Random sampling: many samples are taken from the original training set using the Bootstrap sampling method (with put-back sampling) as a new training set.
Random feature selection: a portion of the original feature set is randomly selected as the new feature set, and only this portion of the features is considered when building the decision tree.
Construction of the decision tree: the decision tree is built based on the new training set and feature set, with each node division being based on a random subset of the feature set.
Integration of RF: multiple decision trees are generated and eventually each sample is classified or regressed by voting or taking the average.

The RF algorithm has the following advantages.

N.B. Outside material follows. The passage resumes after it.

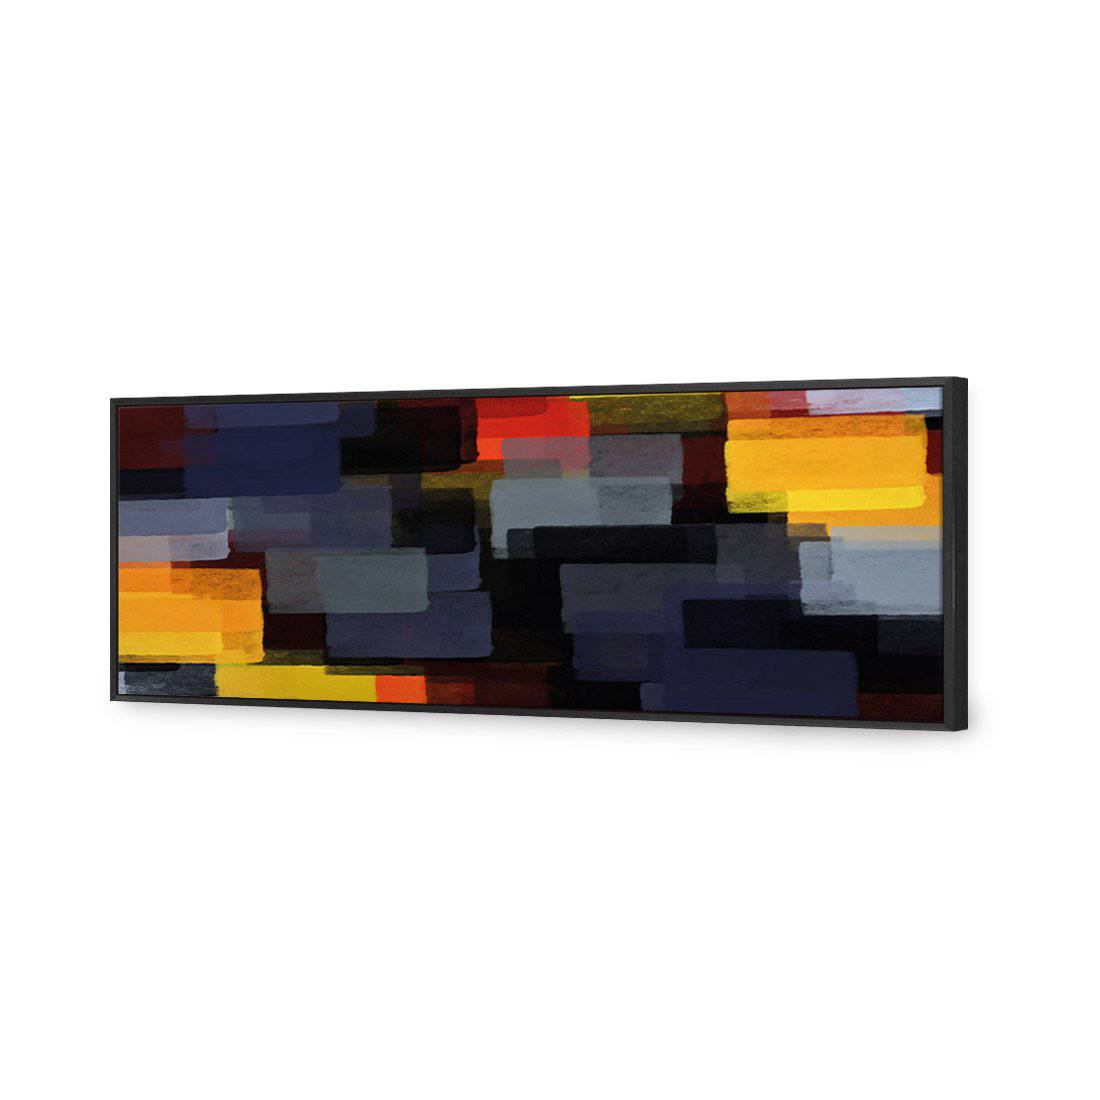 Colliding Blocks Canvas Art-Canvas-Wall Art Designs-60x20cm-Canvas - Black Frame-Wall Art Designs

RF algorithms are more capable of handling high-dimensional data and large-scale datasets.
The RF algorithm can effectively avoid the problem of overfitting.
The RF algorithm can handle both discrete and continuous data.
The RF algorithm can give the importance ranking of variables, which is a convenient for feature selection.

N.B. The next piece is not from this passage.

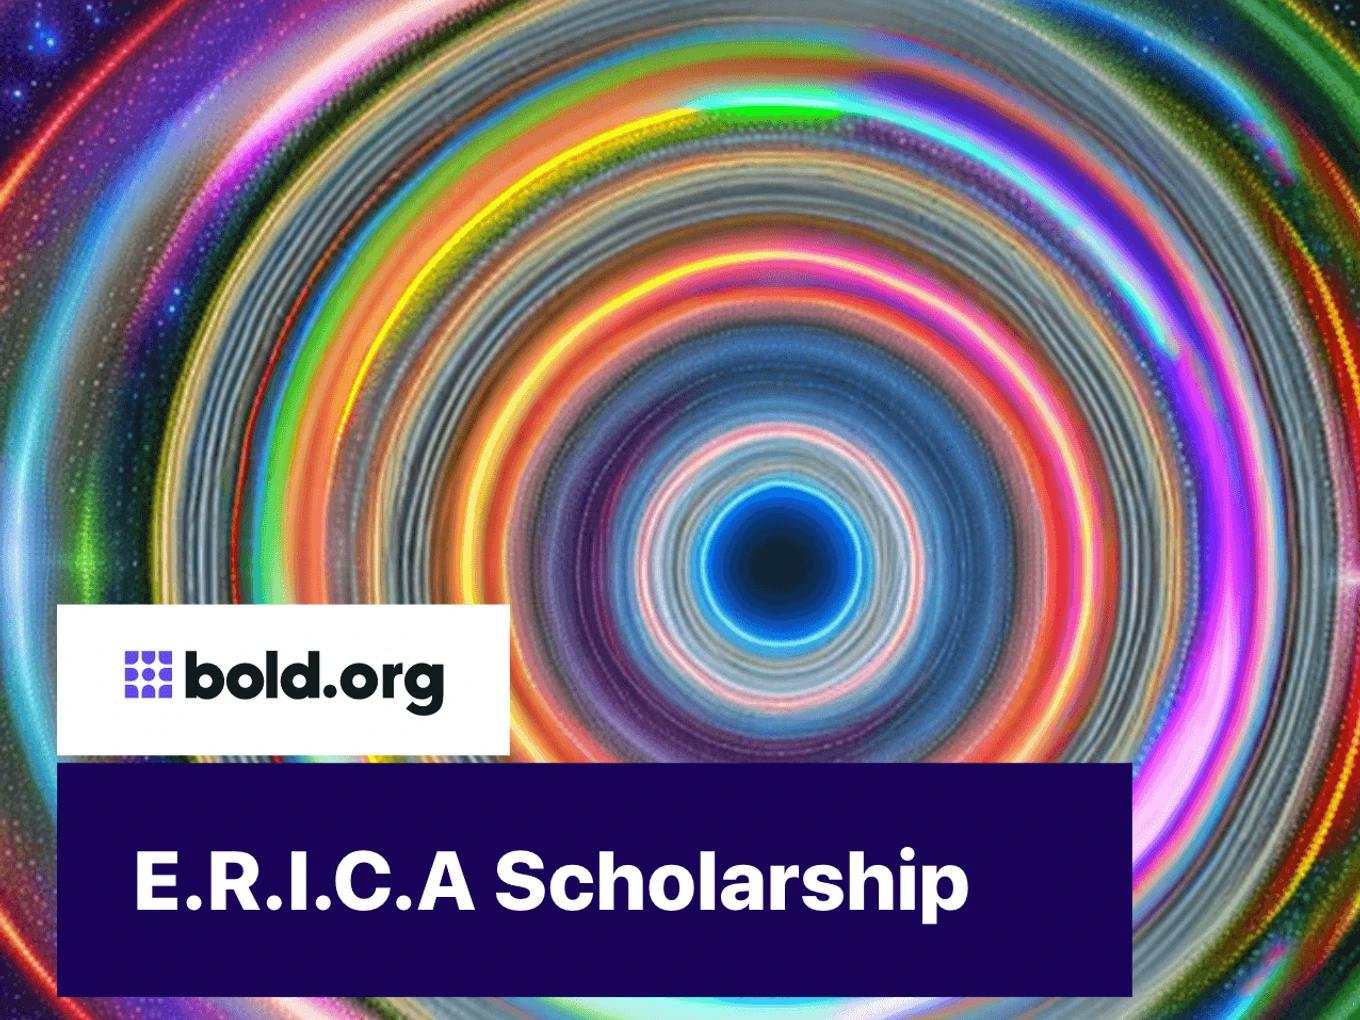 E.R.I.C.A. Scholarship

To further improve the performance of the RF model, we used the DDoS2019 dataset to optimize the main parameters of RF sample, depth, and estimator. The optimization Algorithm 3 is as follows. First, we initialized the RF by setting sample = 0.9, depth = 20, and estimator = 100. First, we set the sampling rate of the RF from 0.1 to 0.9 (step = 0.1) by controlling the variables depth = 20 and estimator = 100 to find the optimal sample in the generated evaluation metrics. Then, with the control variables sample = 0.9, and estimator = 100, set the depth of the RF to increase from 10 to 30 in order (step = 2), and find the optimal depth in the generated evaluation metrics. an estimator from 10 to 210 (step = 20) to find the optimal estimator in the generated evaluation metrics.

Algorithm 3: RF Optimization Algorithm.

Input: DDoS2019 datasets, sample, depth, estimator

Output: Optimized RF

procedure: parameters Optimization

Step 1: defined Indicators = [Acc, Pre, Rec, F1, Ave, Tim]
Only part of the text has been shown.